Doormen

After some Saturday evening shopping with the girlfriend, we decided to go directly to Wetherspoons.
Outside, 5 Doormen carried out a bag check. In my girlfriend’s bag were a new pack of stockings which we could’ve used to pull over our heads and raid the bar and some Katy Perry perfume which is like being sprayed with Mace.
These items were ignored and instead they said: “You can’t come in here with your Flake and large Toblerone.
Anyone who knows anything about chocolate fighting will know that Flakes are not the weapon of choice, given their rubbish tendency to crumble on impact.
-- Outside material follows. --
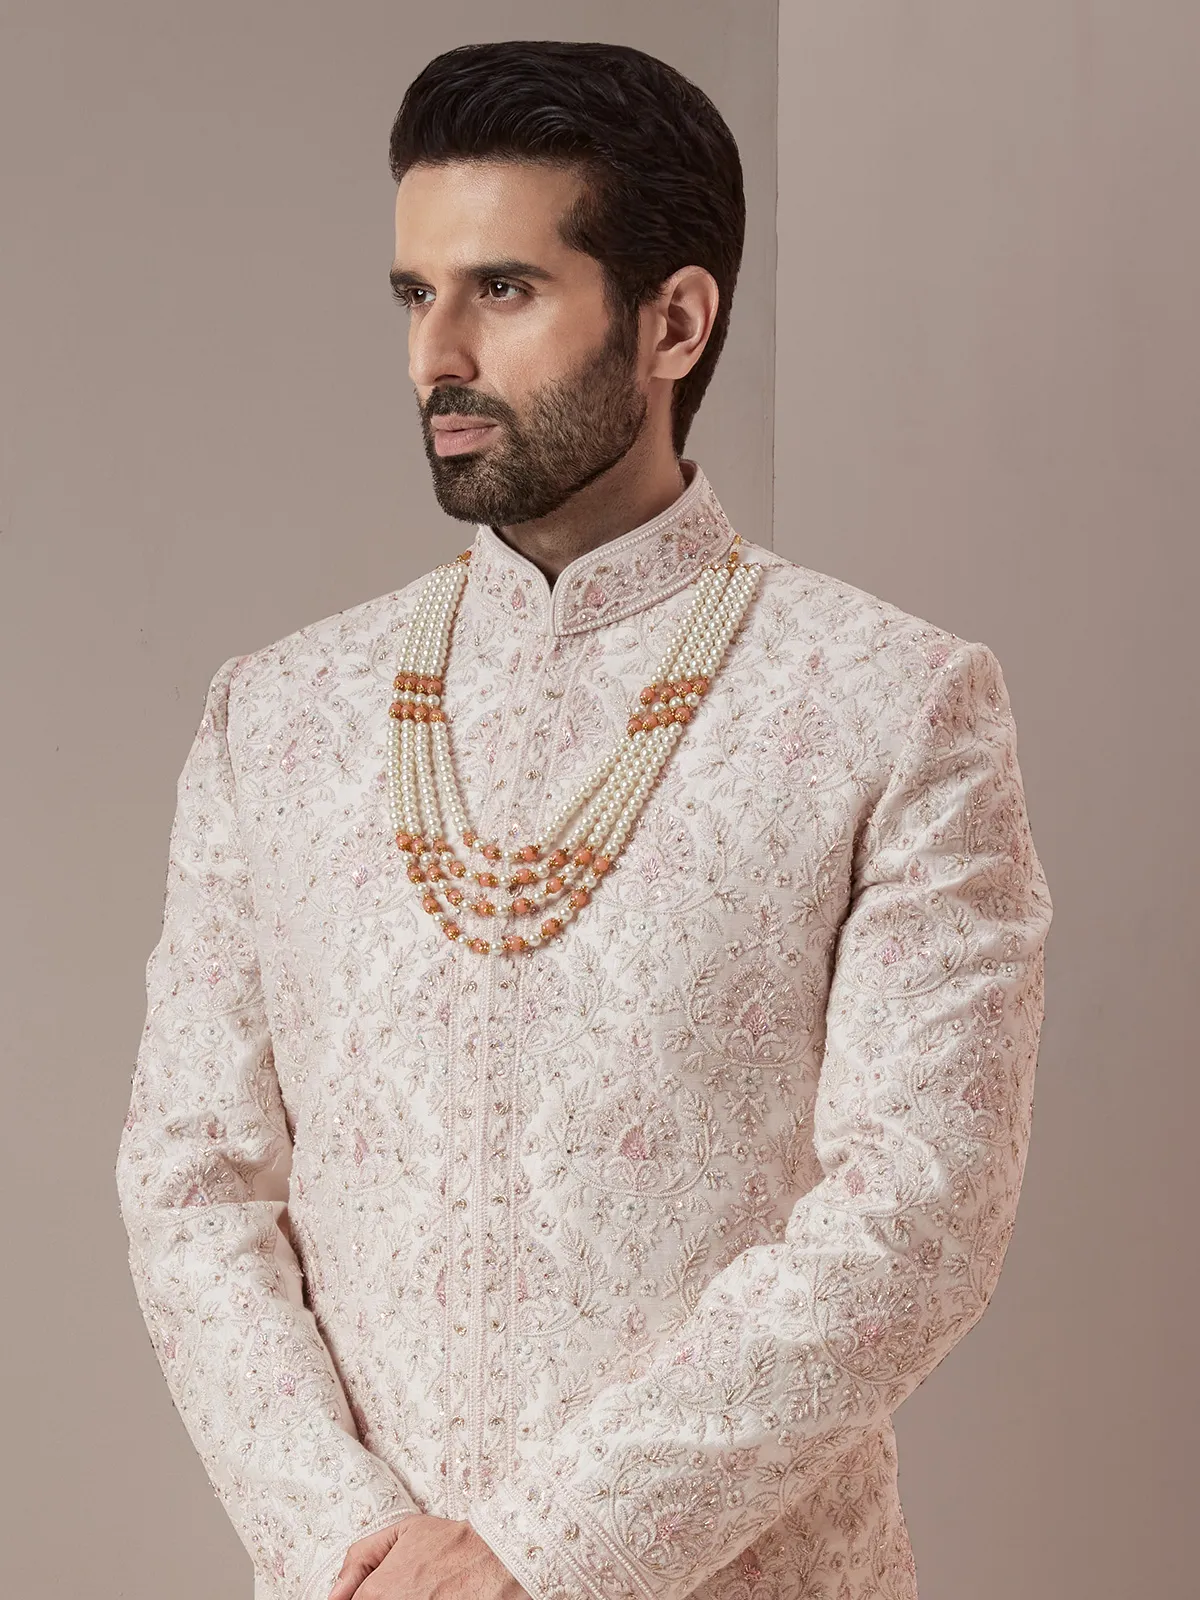 Raw silk light pink groom and wedding look sherwani

The Toblerone, slightly more understandable as I think the history of Toblerone killings has been steadily rising year on year. Death By Chocolate!
But no, it wasn’t that we may cause a fight over chocolate – although there were women in there, so don’t rule it out – it was that you’re not allowed to bring your own foodstuffs into the pub.
Now, I can understand this if you are bringing in your own Mixed Grill and fraudulently trying to pass it off as theirs or perhaps your home-made Chicken Jalfrezi but a bar of chocolate?
At no point had we come to the pub to eat chocolate. The chocolate would have remained firmly in her bag until we left.
But this wasn’t good enough for the doormen. Who said: “You’ll have to leave that chocolate out here on the pavement until you come out.”
This may have been tempting – and it may even be a tradition in some foreign countries – but given that each of these doormen weighed over 18 stone, there was no way we were gonna leave chocolate outside. Maybe it’s their ruse to get free chocolate?
After much discussion, common sense prevailed and we got let in.
And I’m really glad they didn’t search my bag as I had a bottle of vodka in it!